Derek Webster folk artistDerek Webster was born April 26, 1934, in The Republic of Honduras and passed away in December 2009.

In 1964 Derek Webster moved to the United States from Belize. He settled in Chicago and after years of working as a night janitor, Derek and his wife eventually bought a house on the south side of Chicago.  In order to distinguish it from the other row houses in the neighborhood, he began building a fence of colorful figures reminiscent of South American Carnival dancers.  They were large dancing creatures made of wood and found objects.  Derek, who was fond of gardening, interspersed them with a variety of garden plants.  Needless to say, his yard was the most unusual sight in the neighborhood and well beyond.

Derek’s janitorial job at a hospital provided a source of bright objects such as bottles and caps, and the driftwood he incorporated into his sculptures came from the shores of Lake Michigan where he loved to fish.
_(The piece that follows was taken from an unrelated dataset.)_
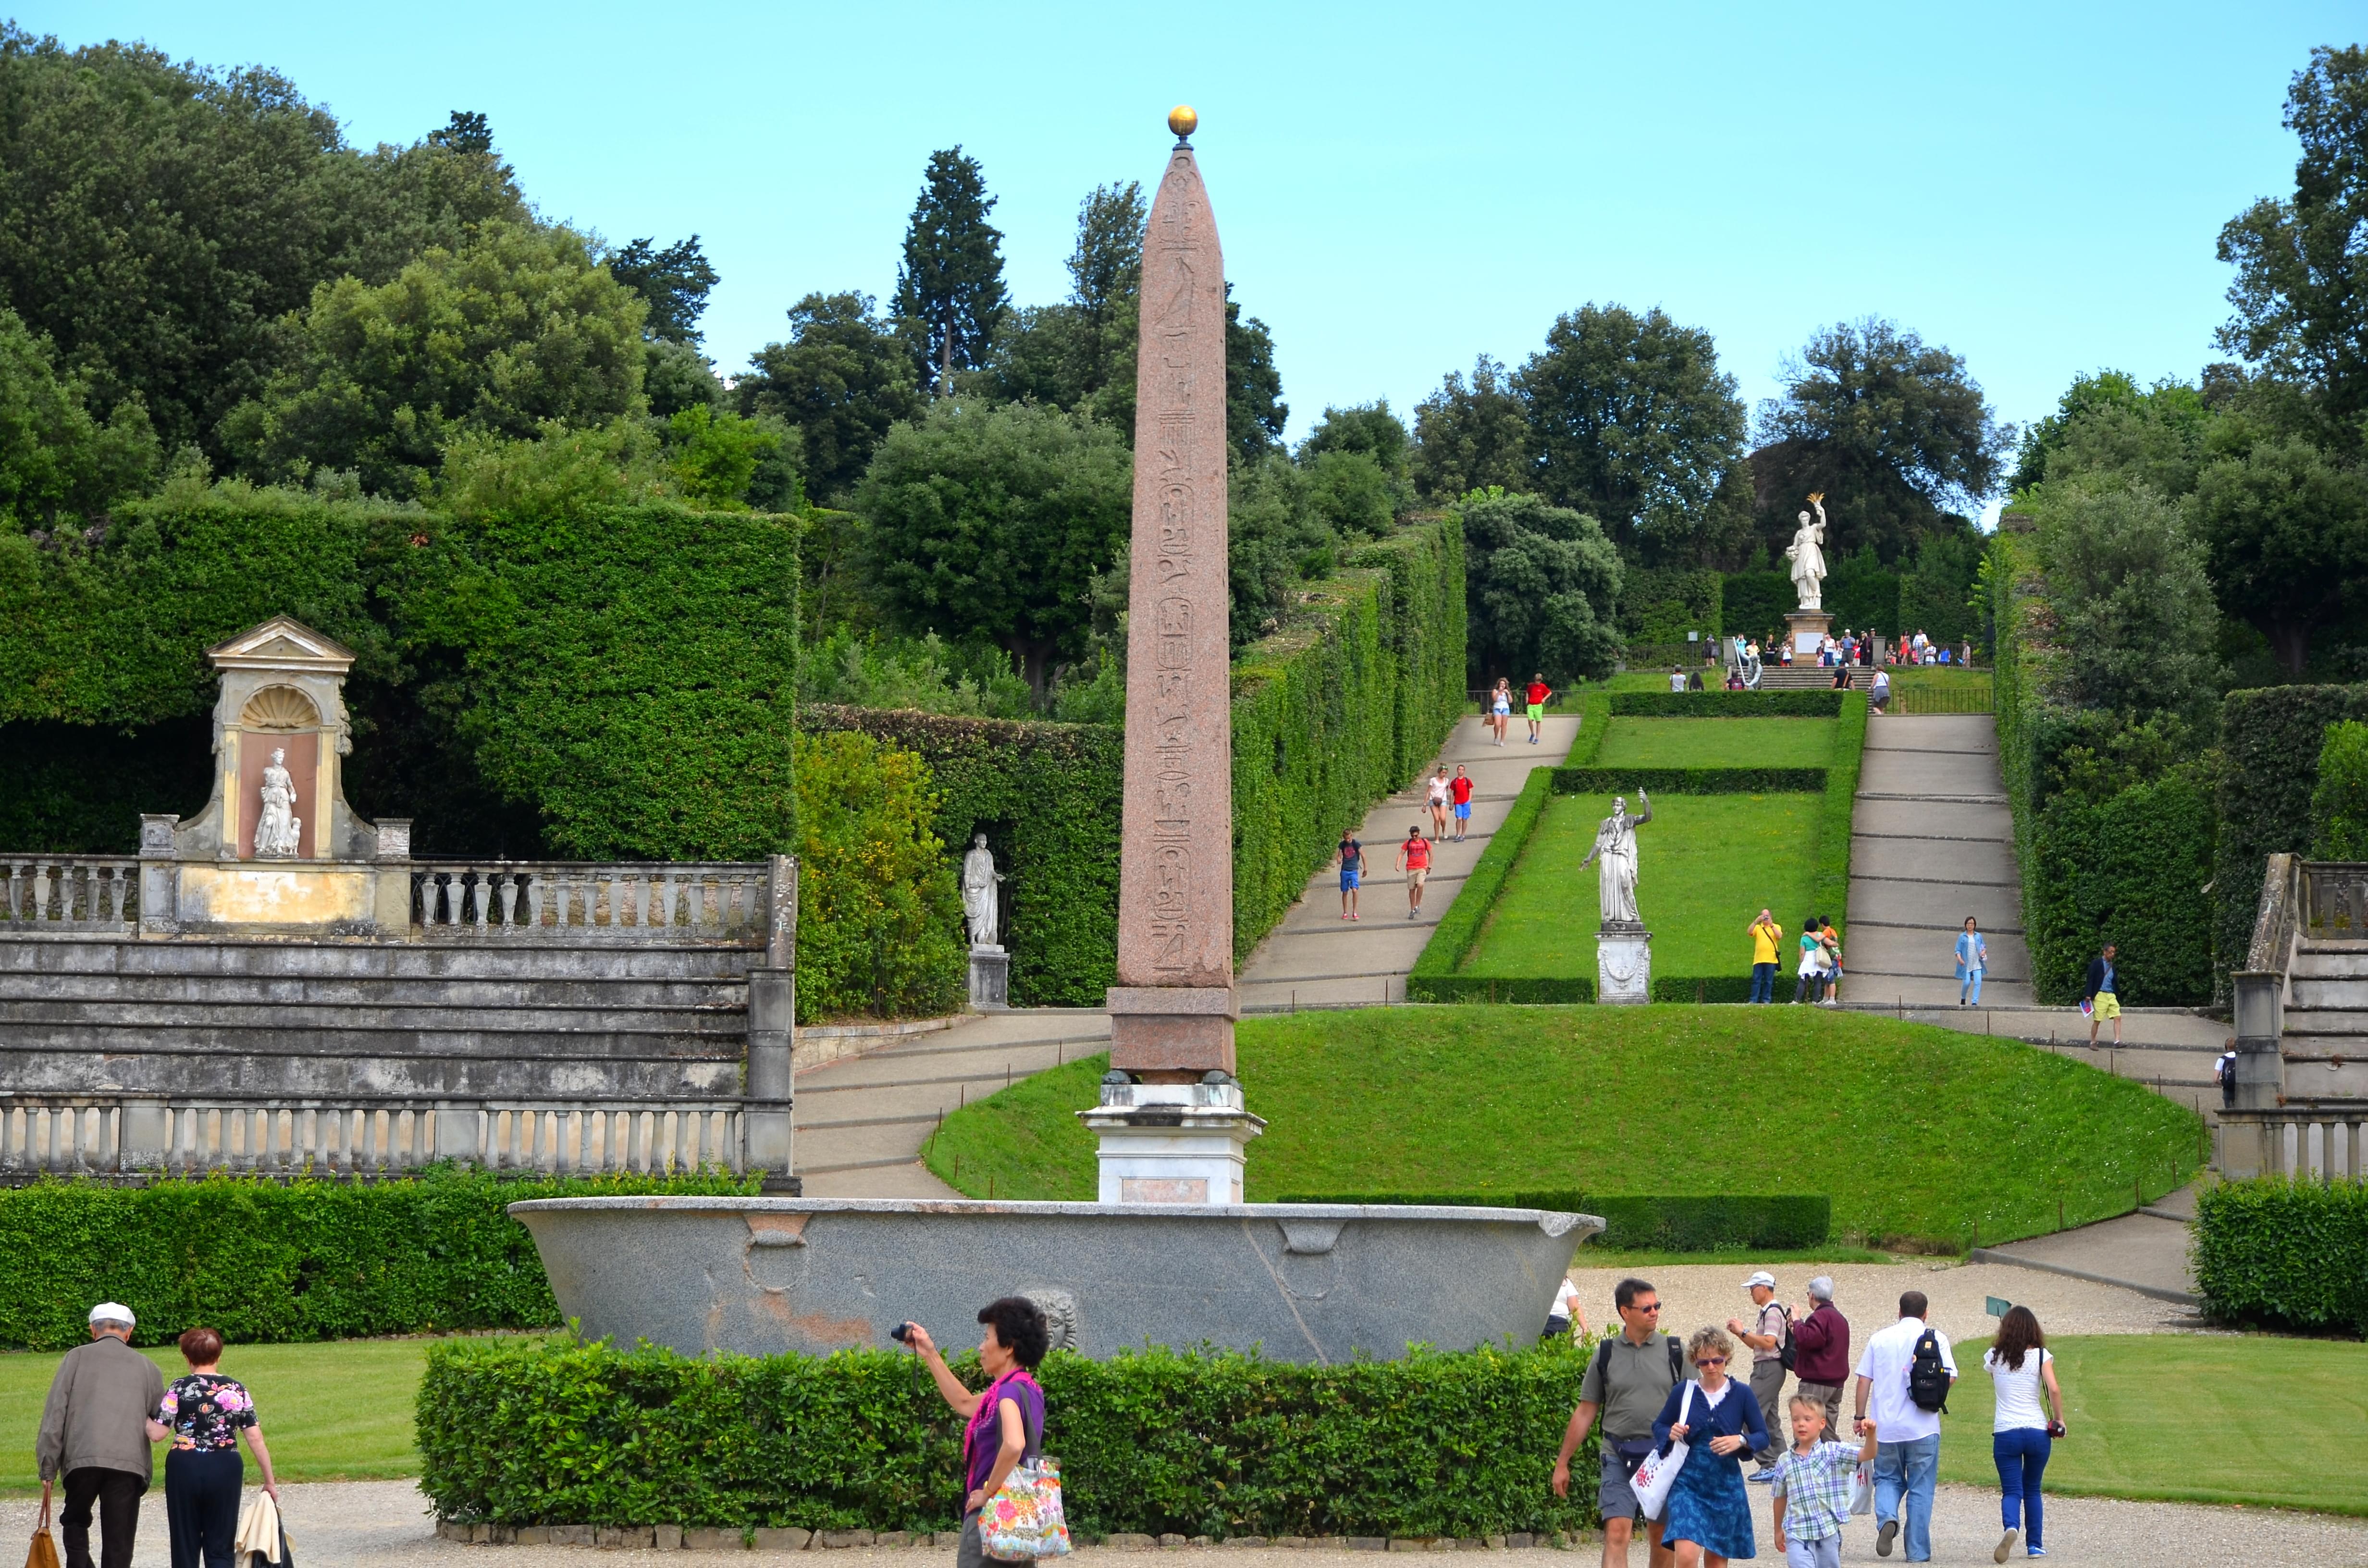 Architecture and landscape of the Boboli Gardens

From embellishing his fence, he evolved into making individual figures often inspired by his memories of Belize.  It wasn’t very long before collectors, and galleries began to purchase his work.

Webster is well-known in the Midwest. In 1989 he was included in the prestigious traveling exhibition “Black Art – Ancestral Legacy: The African Impulse in African American Art,” which originated at the Dallas Museum of Art and traveled to the High Museum of Art in Atlanta, the Milwaukee Art Museum, and the Virginia Museum of Fine Arts in Richmond, VA.